Popularity, as it’s commonly understood, is a myth. Nobody is universally loved or understood. The world is too big, too complex, and people are too diverse for universal approval to be possible. Yet, many chase it desperately. They tailor their words, their work, their very selves to fit into molds designed by others. But the harder you chase popularity, the more it slips through your fingers.
Rubin puts it plainly: “Creativity is the greatest rebellion in existence.” Why? Because true creativity means putting yourself first—your vision, your values, your unique spark. It means having the courage to say, “I don’t like the way the world is. I think I can make it better.” That statement alone is bold, defiant, and inherently disruptive. When you make that declaration by being authentic, you will, without fail, upset the status quo. Some people won’t like it. In fact, many won’t. That’s not a flaw. It’s a fundamental feature of authenticity.
Consider any artist, entrepreneur, or thinker who changed their field or culture. They weren’t universally popular. Steve Jobs famously said, “Your work is going to fill a large part of your life… the only way to be truly satisfied is to do what you believe is great work.” Jobs didn’t try to please everyone. He chased excellence according to his own vision—and yes, many hated or misunderstood him. But those who got him? They changed the world alongside him.
This is the paradox of popularity: it requires sacrificing universal approval to gain authentic recognition. Trying to please everyone waters down your work and your voice until it becomes meaningless. As Rick Rubin warns, “An entertainer is someone who pleases others, and an artist tries to please himself.” When you make your work about pleasing others, “you lose your own voice.” The moment you start worrying about what others think, “you’ve already lost the magic.”
Popularity built on performance is hollow and exhausting. It’s a fragile castle made of sand. You have to constantly maintain it, shifting to suit the crowd. But authentic creativity is a fortress of stone. It’s built on your values, your passions, your unique perspective. It withstands criticism because it’s rooted in truth—your truth.
What, then, is real popularity? It’s not millions of casual fans. It’s the few—the handful of people who truly get you, who see the value and meaning behind your work, who become your tribe. “If you’re true to yourself and you’re authentic, the right people will find you,” Rubin says. Those few are your real audience, your lifeline.

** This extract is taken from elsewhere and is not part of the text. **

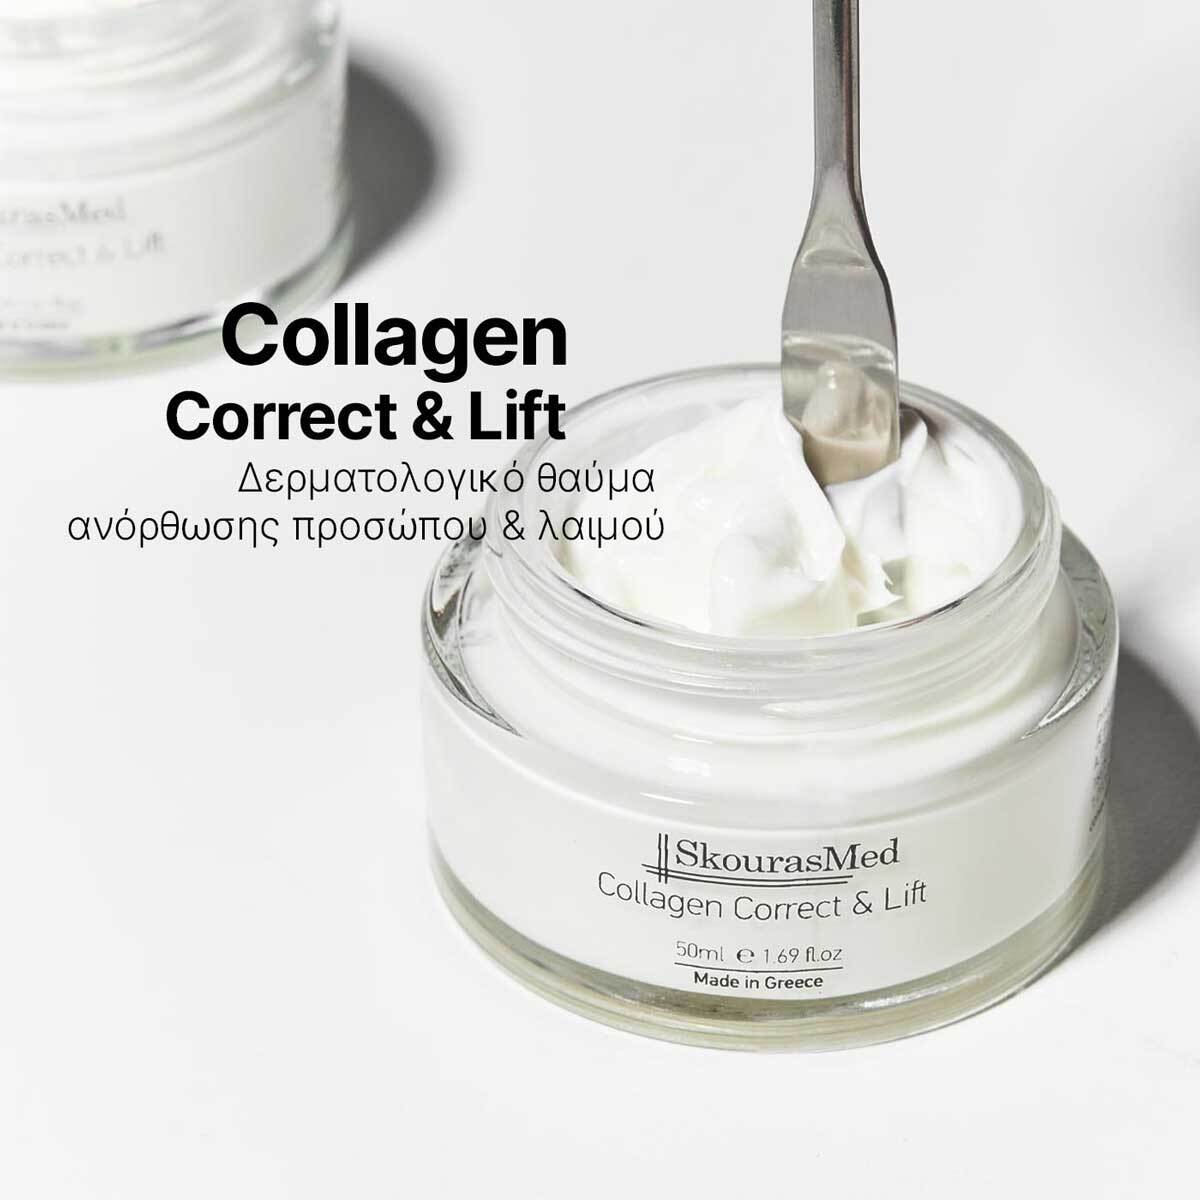 SkourasMed Collagen Correct & Lift

Let’s say you write poetry that no one but a handful of people understand. Does that mean your poetry isn’t valuable? Absolutely not. Those few who resonate with it are the ones who will cherish and spread your work. In the long run, a small, devoted audience is far more powerful than a vast, indifferent crowd.
This perspective frees you. It lets you stop performing, stop pretending, stop chasing applause. It lets you focus on what matters—your vision, your passion, your contribution. Rubin sums it up: “The only thing that matters is that you keep creating, keep moving forward with your own vision.” Not for the crowd, not for approval, but for yourself.

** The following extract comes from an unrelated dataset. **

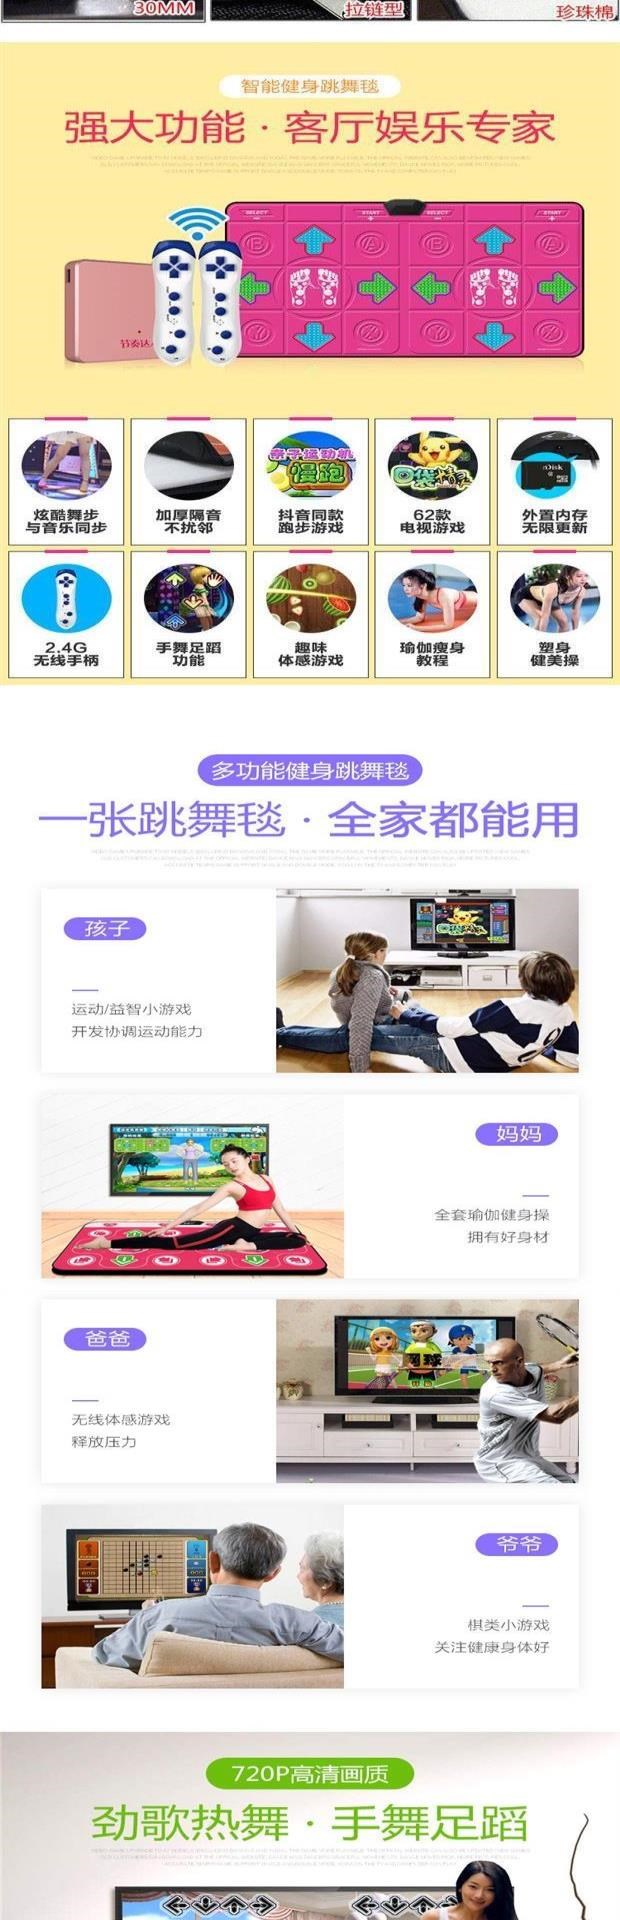 Chiếu khiêu vũ gia đình không dây với máy trò chơi chạy chiếu kết nối TV dành cho trẻ em học khiêu vũ. - Dance pad

But why is it so hard to embrace this freedom? Because we fear rejection. We crave approval. Social pressure trains us to seek popularity like it’s survival. Yet, understanding that popularity is a myth—that universal approval is impossible—gives you power. It lets you accept rejection as part of the process, as a sign you’re breaking new ground.
Fear makes many stay safe and generic. But safety doesn’t breed greatness. Greatness comes from risk, from boldness, from rebellion. It comes from trusting your instincts, even when it scares you. “Don’t let anyone else tell you what your art should be,” Rubin urges. That’s your call.
So here’s the truth: stop chasing popularity. Stop trying to be liked by everyone. Stop diluting your work to fit the masses. Be the artist who pleases himself. Be the rebel who follows his own compass. Put your work out into the world with courage and your full self. Because the only popularity worth having—the kind that lasts—is the kind that comes from unapologetic authenticity.
And that popularity? It’s waiting for you. Maybe it comes from five people, maybe ten. Those few are enough. They are the ones who will fuel your journey, who will see your value, who will help you change the world.